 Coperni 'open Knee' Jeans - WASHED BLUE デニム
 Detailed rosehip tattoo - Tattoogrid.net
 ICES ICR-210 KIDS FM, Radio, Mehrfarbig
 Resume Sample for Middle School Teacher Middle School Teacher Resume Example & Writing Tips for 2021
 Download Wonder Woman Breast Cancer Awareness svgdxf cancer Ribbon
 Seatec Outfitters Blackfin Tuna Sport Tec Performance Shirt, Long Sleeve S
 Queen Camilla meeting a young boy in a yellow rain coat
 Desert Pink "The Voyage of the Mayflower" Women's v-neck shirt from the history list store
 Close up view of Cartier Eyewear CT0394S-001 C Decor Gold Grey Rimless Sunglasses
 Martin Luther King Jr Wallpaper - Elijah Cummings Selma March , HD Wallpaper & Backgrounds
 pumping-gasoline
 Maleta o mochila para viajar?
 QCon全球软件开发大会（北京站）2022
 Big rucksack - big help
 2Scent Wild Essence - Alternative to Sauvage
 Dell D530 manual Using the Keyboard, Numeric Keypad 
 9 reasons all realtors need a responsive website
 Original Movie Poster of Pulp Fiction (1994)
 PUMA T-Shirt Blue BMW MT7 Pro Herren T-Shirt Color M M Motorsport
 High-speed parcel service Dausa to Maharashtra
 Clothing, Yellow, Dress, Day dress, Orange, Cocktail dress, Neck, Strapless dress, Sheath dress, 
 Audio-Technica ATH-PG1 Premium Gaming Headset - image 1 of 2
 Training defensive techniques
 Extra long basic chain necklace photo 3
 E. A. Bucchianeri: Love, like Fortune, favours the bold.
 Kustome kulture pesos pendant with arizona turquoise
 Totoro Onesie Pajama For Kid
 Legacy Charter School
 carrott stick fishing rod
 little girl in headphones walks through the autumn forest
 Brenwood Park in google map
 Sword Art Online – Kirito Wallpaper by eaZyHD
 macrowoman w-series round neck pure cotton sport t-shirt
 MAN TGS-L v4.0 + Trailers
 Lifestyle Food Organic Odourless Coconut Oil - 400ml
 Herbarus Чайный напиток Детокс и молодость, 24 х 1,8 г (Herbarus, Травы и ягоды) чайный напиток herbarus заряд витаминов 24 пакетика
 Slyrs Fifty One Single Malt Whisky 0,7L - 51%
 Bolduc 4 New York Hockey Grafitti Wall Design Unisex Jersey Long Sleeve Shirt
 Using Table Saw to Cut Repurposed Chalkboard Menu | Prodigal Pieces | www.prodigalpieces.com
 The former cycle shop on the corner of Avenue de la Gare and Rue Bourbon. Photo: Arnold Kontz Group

TASK: The listing above is to be written out again word for word.

RESULT OF THE TASK:
 Coperni 'open Knee' Jeans - WASHED BLUE デニム
 Detailed rosehip tattoo - Tattoogrid.net
 ICES ICR-210 KIDS FM, Radio, Mehrfarbig
 Resume Sample for Middle School Teacher Middle School Teacher Resume Example & Writing Tips for 2021
 Download Wonder Woman Breast Cancer Awareness svgdxf cancer Ribbon
 Seatec Outfitters Blackfin Tuna Sport Tec Performance Shirt, Long Sleeve S
 Queen Camilla meeting a young boy in a yellow rain coat
 Desert Pink "The Voyage of the Mayflower" Women's v-neck shirt from the history list store
 Close up view of Cartier Eyewear CT0394S-001 C Decor Gold Grey Rimless Sunglasses
 Martin Luther King Jr Wallpaper - Elijah Cummings Selma March , HD Wallpaper & Backgrounds
 pumping-gasoline
 Maleta o mochila para viajar?
 QCon全球软件开发大会（北京站）2022
 Big rucksack - big help
 2Scent Wild Essence - Alternative to Sauvage
 Dell D530 manual Using the Keyboard, Numeric Keypad 
 9 reasons all realtors need a responsive website
 Original Movie Poster of Pulp Fiction (1994)
 PUMA T-Shirt Blue BMW MT7 Pro Herren T-Shirt Color M M Motorsport
 High-speed parcel service Dausa to Maharashtra
 Clothing, Yellow, Dress, Day dress, Orange, Cocktail dress, Neck, Strapless dress, Sheath dress, 
 Audio-Technica ATH-PG1 Premium Gaming Headset - image 1 of 2
 Training defensive techniques
 Extra long basic chain necklace photo 3
 E. A. Bucchianeri: Love, like Fortune, favours the bold.
 Kustome kulture pesos pendant with arizona turquoise
 Totoro Onesie Pajama For Kid
 Legacy Charter School
 carrott stick fishing rod
 little girl in headphones walks through the autumn forest
 Brenwood Park in google map
 Sword Art Online – Kirito Wallpaper by eaZyHD
 macrowoman w-series round neck pure cotton sport t-shirt
 MAN TGS-L v4.0 + Trailers
 Lifestyle Food Organic Odourless Coconut Oil - 400ml
 Herbarus Чайный напиток Детокс и молодость, 24 х 1,8 г (Herbarus, Травы и ягоды) чайный напиток herbarus заряд витаминов 24 пакетика
 Slyrs Fifty One Single Malt Whisky 0,7L - 51%
 Bolduc 4 New York Hockey Grafitti Wall Design Unisex Jersey Long Sleeve Shirt
 Using Table Saw to Cut Repurposed Chalkboard Menu | Prodigal Pieces | www.prodigalpieces.com
 The former cycle shop on the corner of Avenue de la Gare and Rue Bourbon. Photo: Arnold Kontz Group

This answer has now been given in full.